To mitigate intraoperative adverse events, it is important to understand the context in which these errors occur. The purpose of this study is to characterize the IAEs and potential distractions that occur in minimally invasive urologic procedures.

Methods

We conducted a prospective cohort study in patients undergoing laparoscopic urologic surgery at an academic health center. The OR Black Box, a unique technology system which captures video and audio recordings of the operating room as well as the operative field, was used to collect data regarding procedure type, critical step, IAEs, and distractions.

Results

Of a total of 80 cases analyzed, the majority of these cases were partial nephrectomy (n = 36; 45%), radical nephrectomy (n = 20; 25%), and adrenalectomy (n = 4; 5%). Across all cases, there were a total of 138 clinically significant IAEs, 10 of which (14%) were of the highest severity (five on the SEVerity of intraoperative Events and Rectification Tool (SEVERE) matrix). Of these, 70 (51%) occurred during an a priori defined critical step of the operation. Distractions were common across all cases.
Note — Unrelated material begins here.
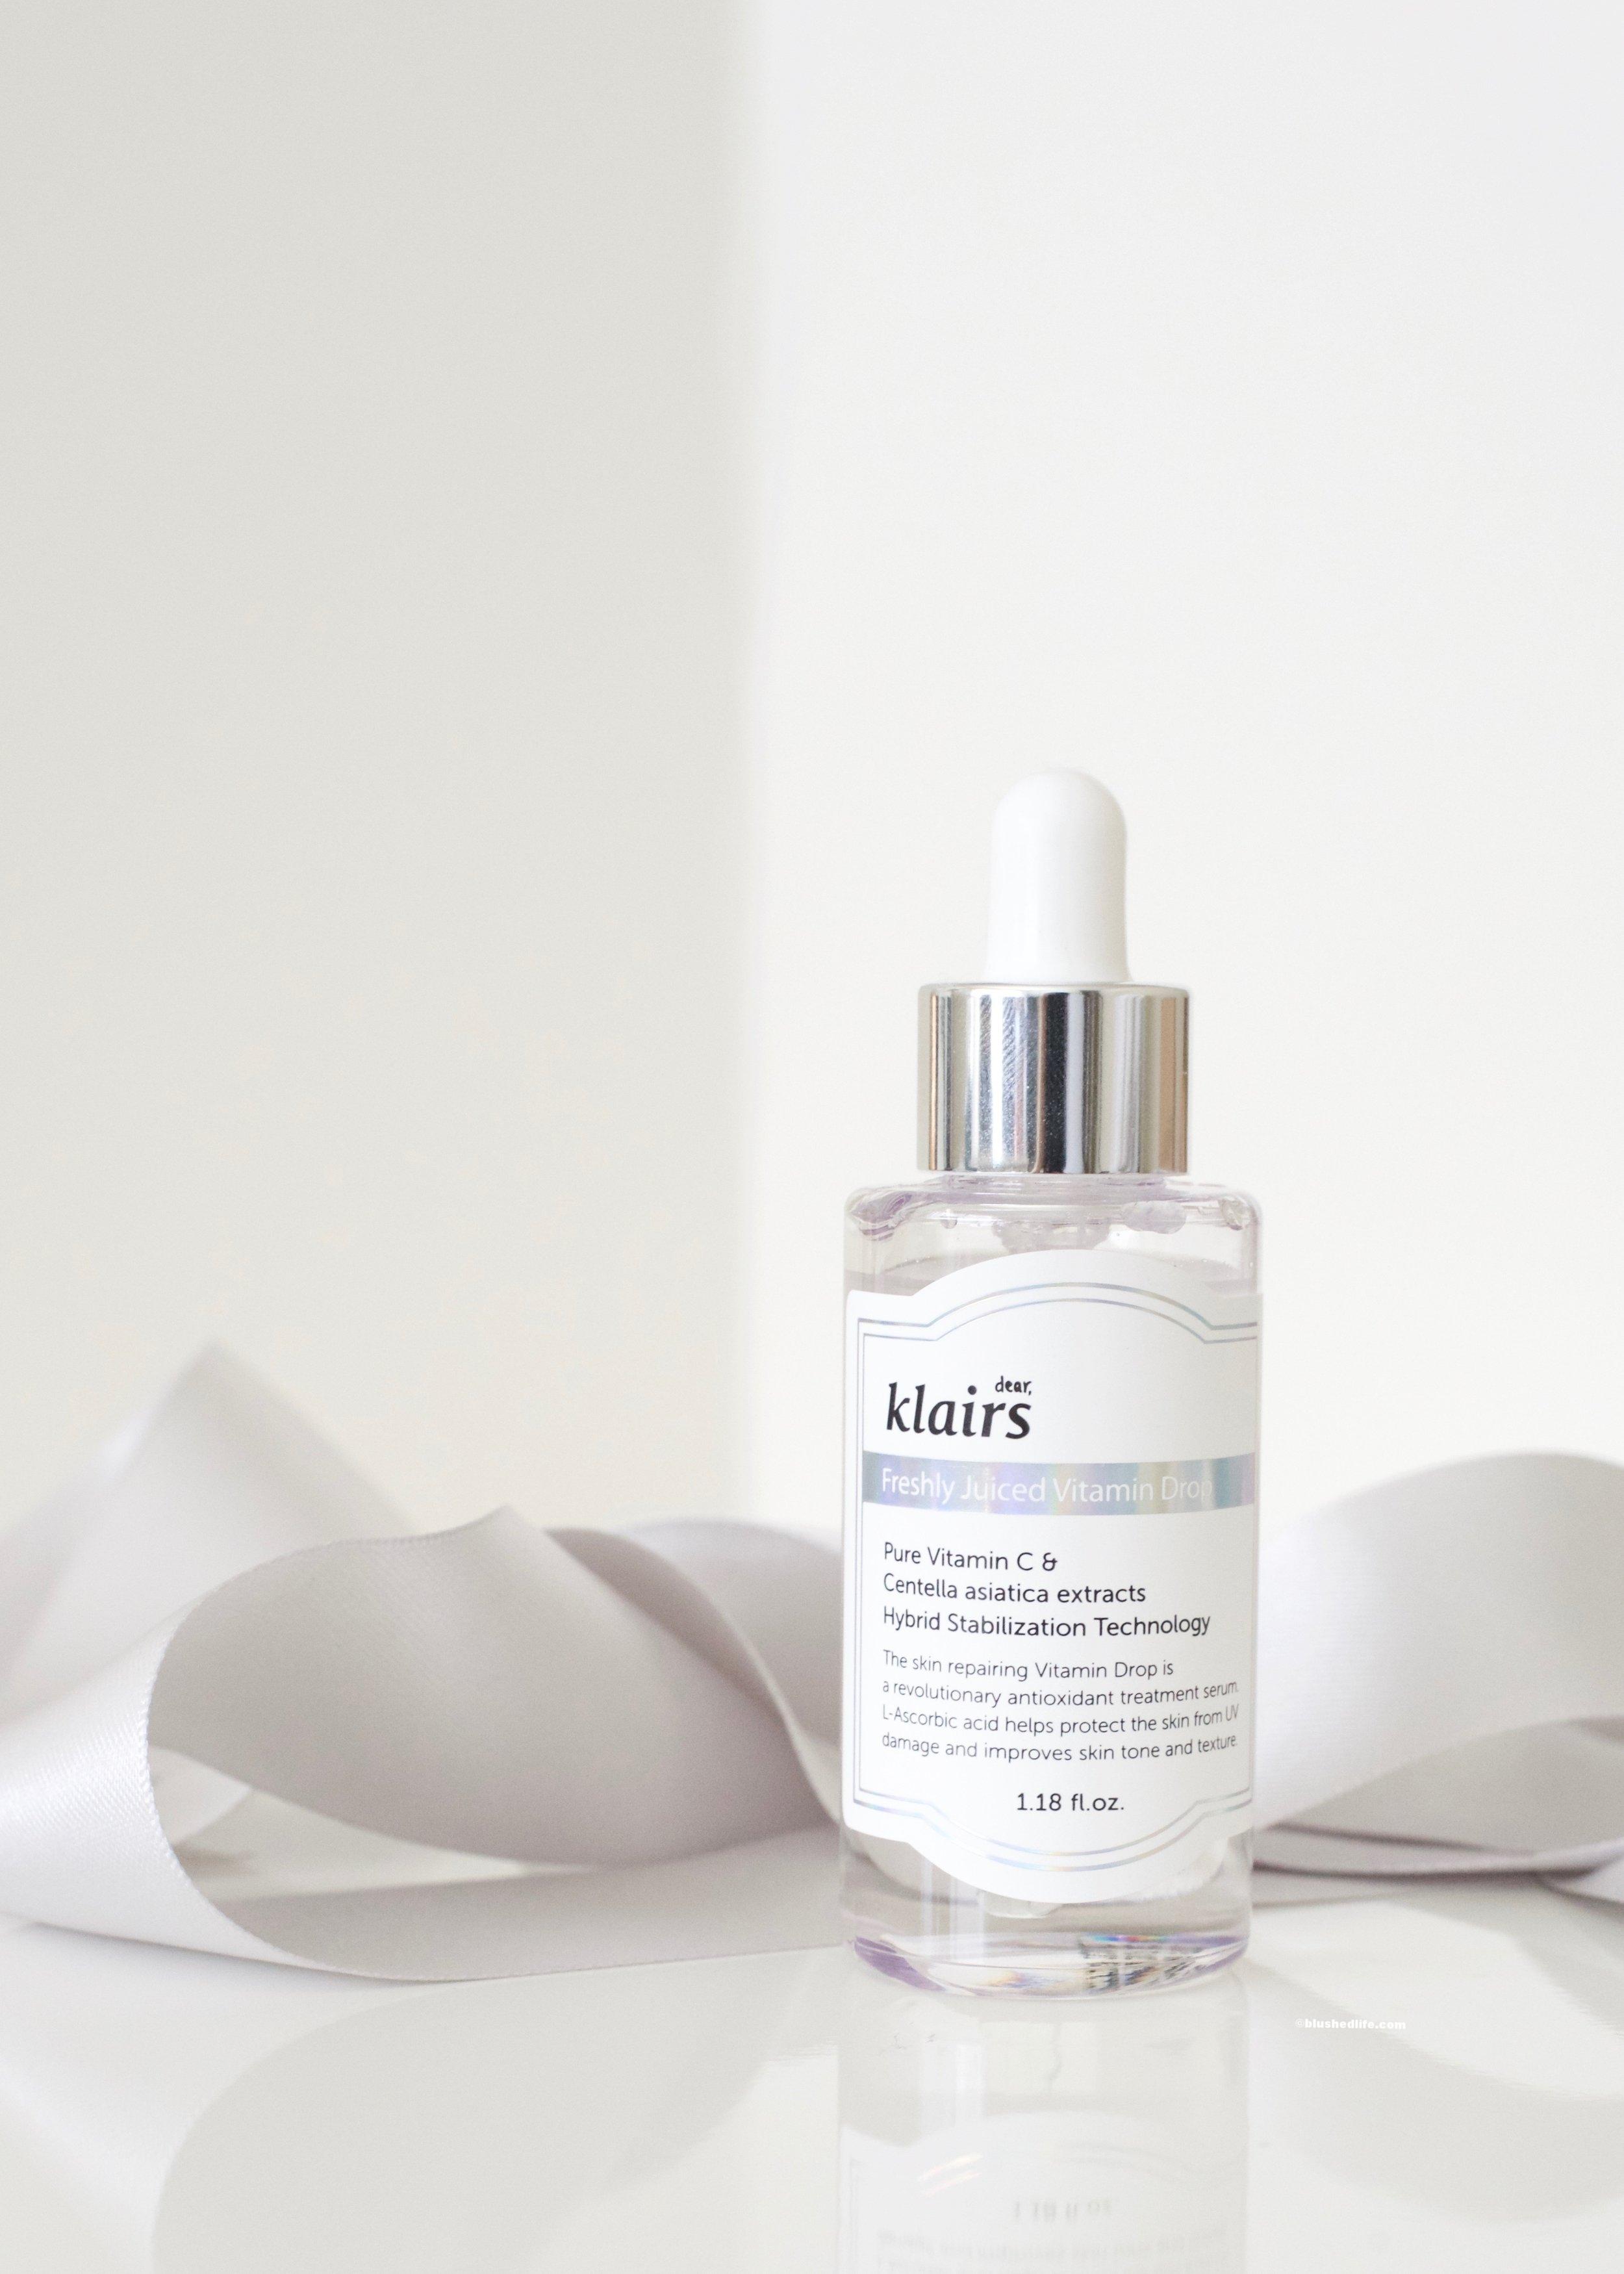 2. Klairs Vitamin C Drops - To brighten the skin and fade pigmentation.
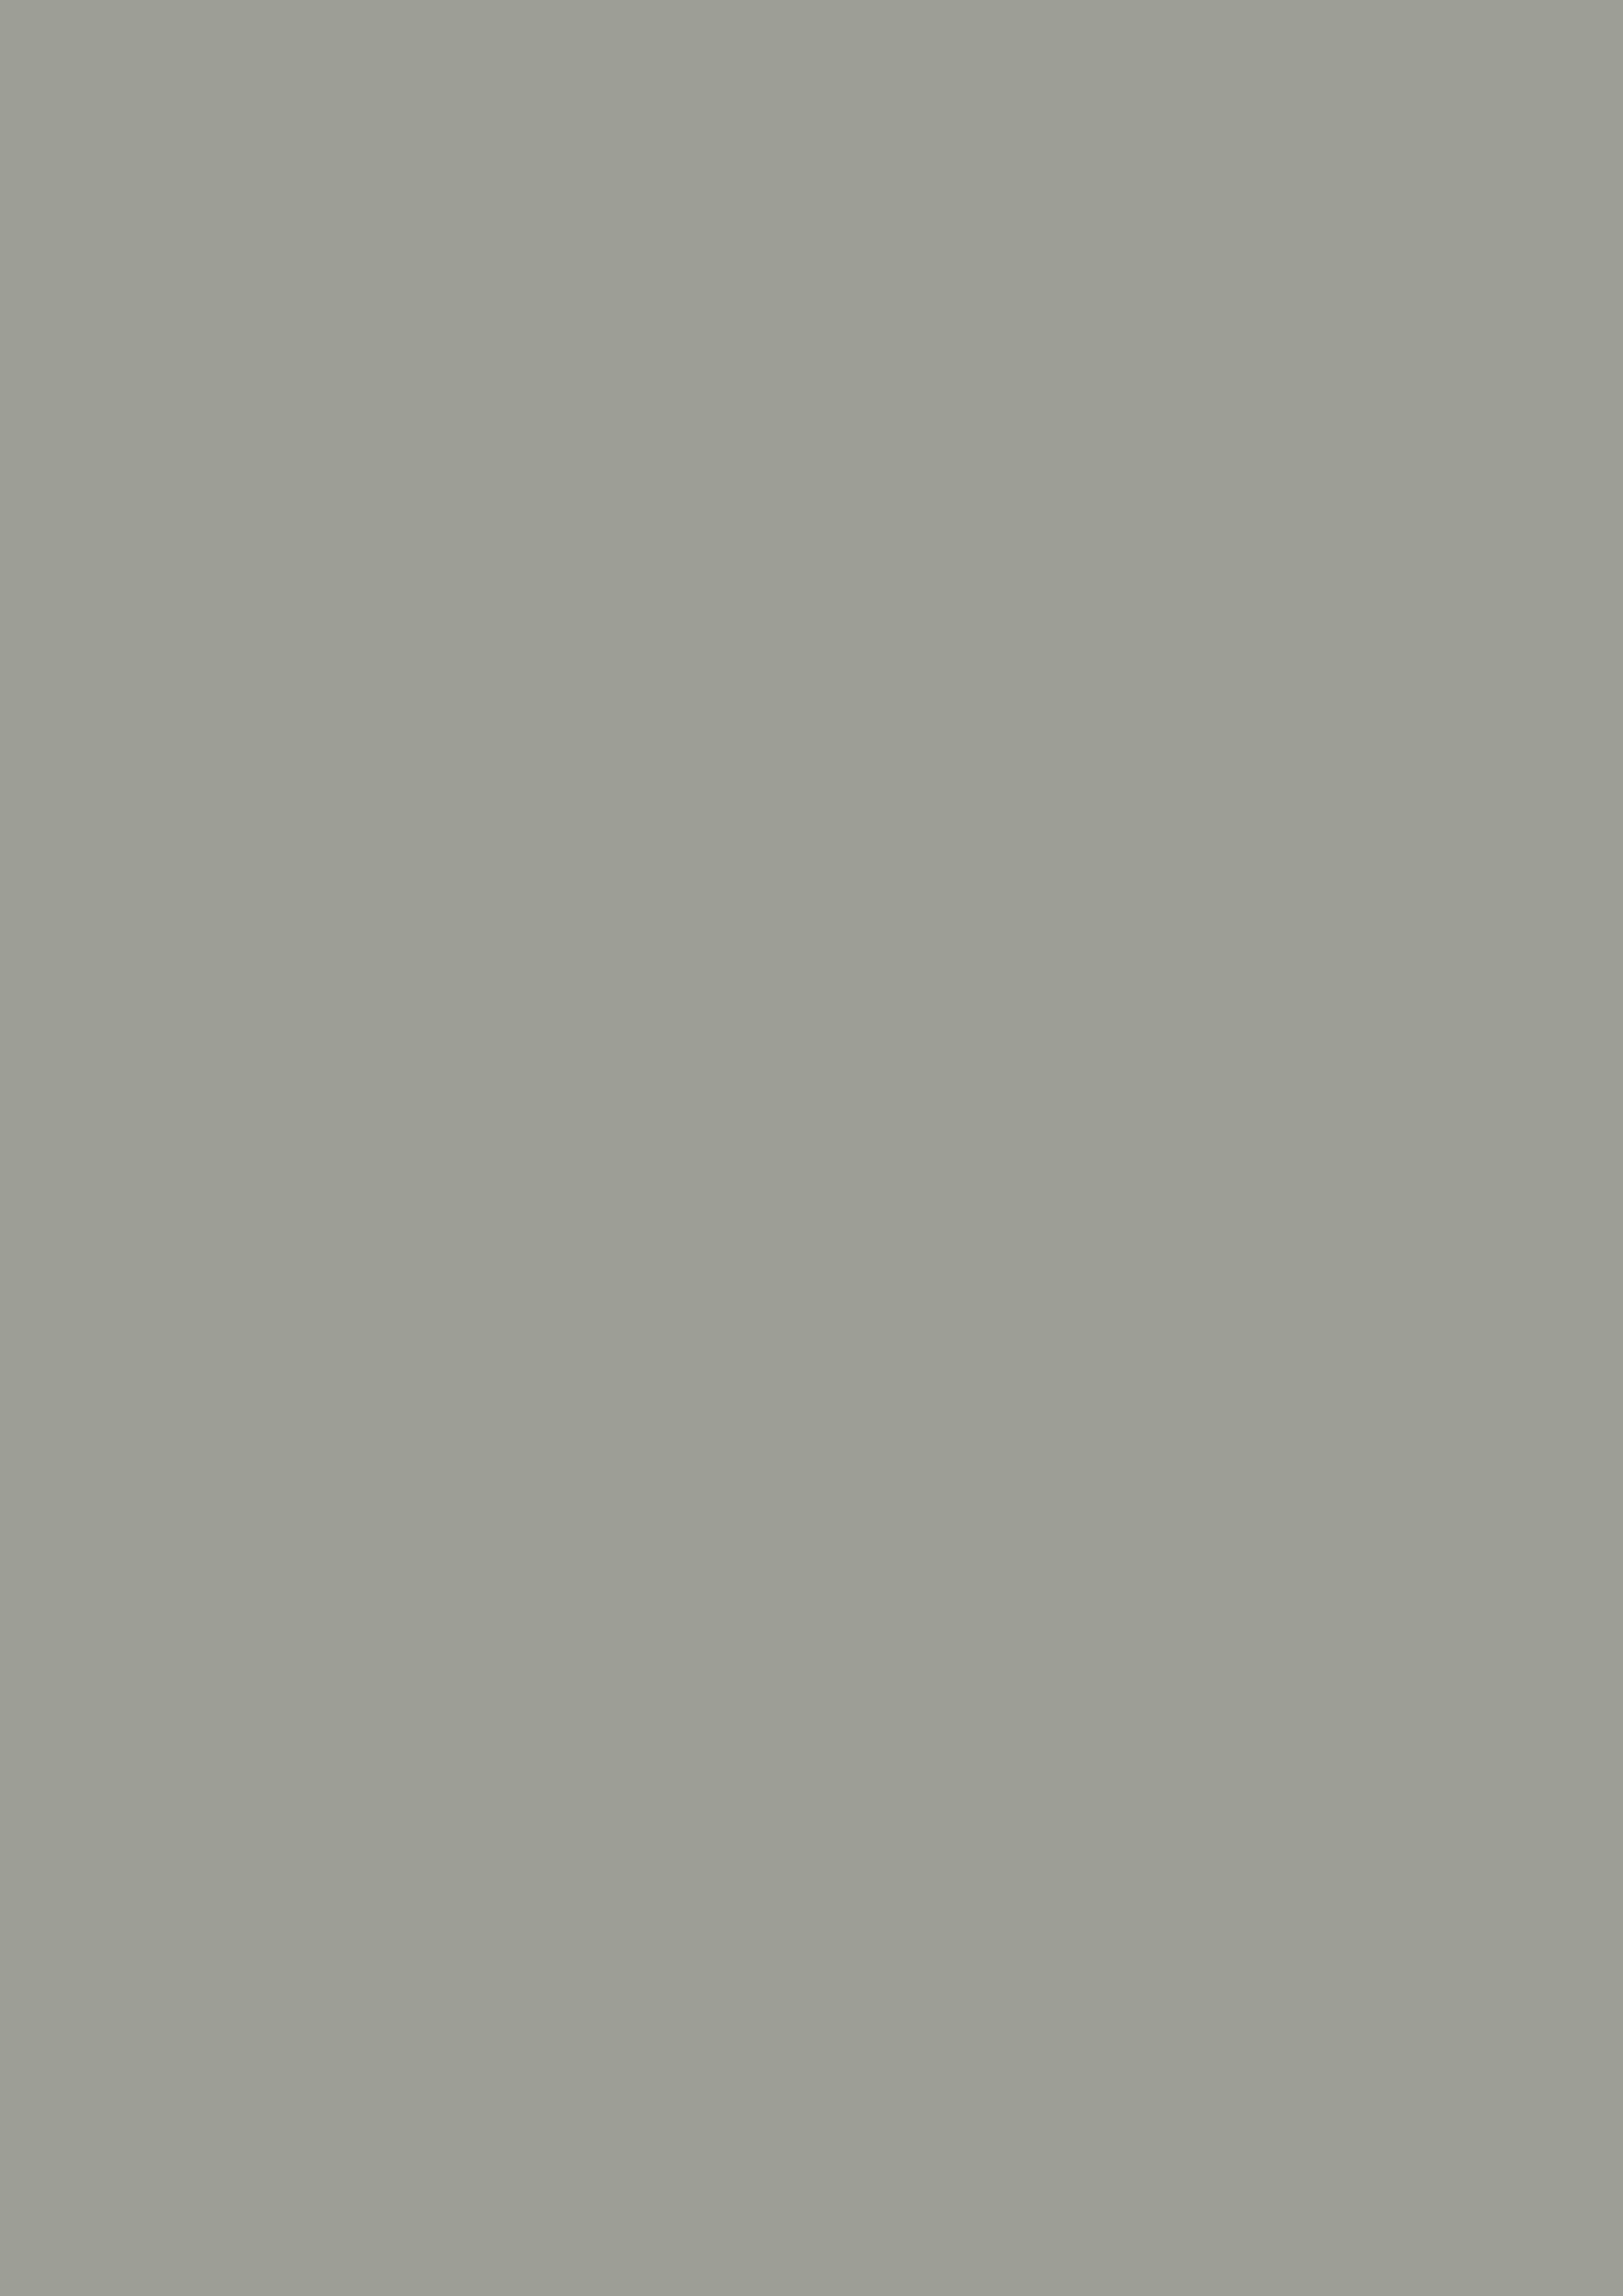 Pigeon adler wohndesign for Wohndesign charlottenburg

The median rate of external communication per case was 16 events (IQR 11-22); and per critical step was 4 (IQR 2.75-8), while median room traffic per case was 65 entries/exits (IQR 42-76); and per critical step was 17 (IQR 10-65).

Conclusion

Our data demonstrate that IAEs occur frequently during all phases of the operation at hand. Future study will be required to examine the role of distractions and IAE as well as IAE and their relationship to post-operative clinical outcomes.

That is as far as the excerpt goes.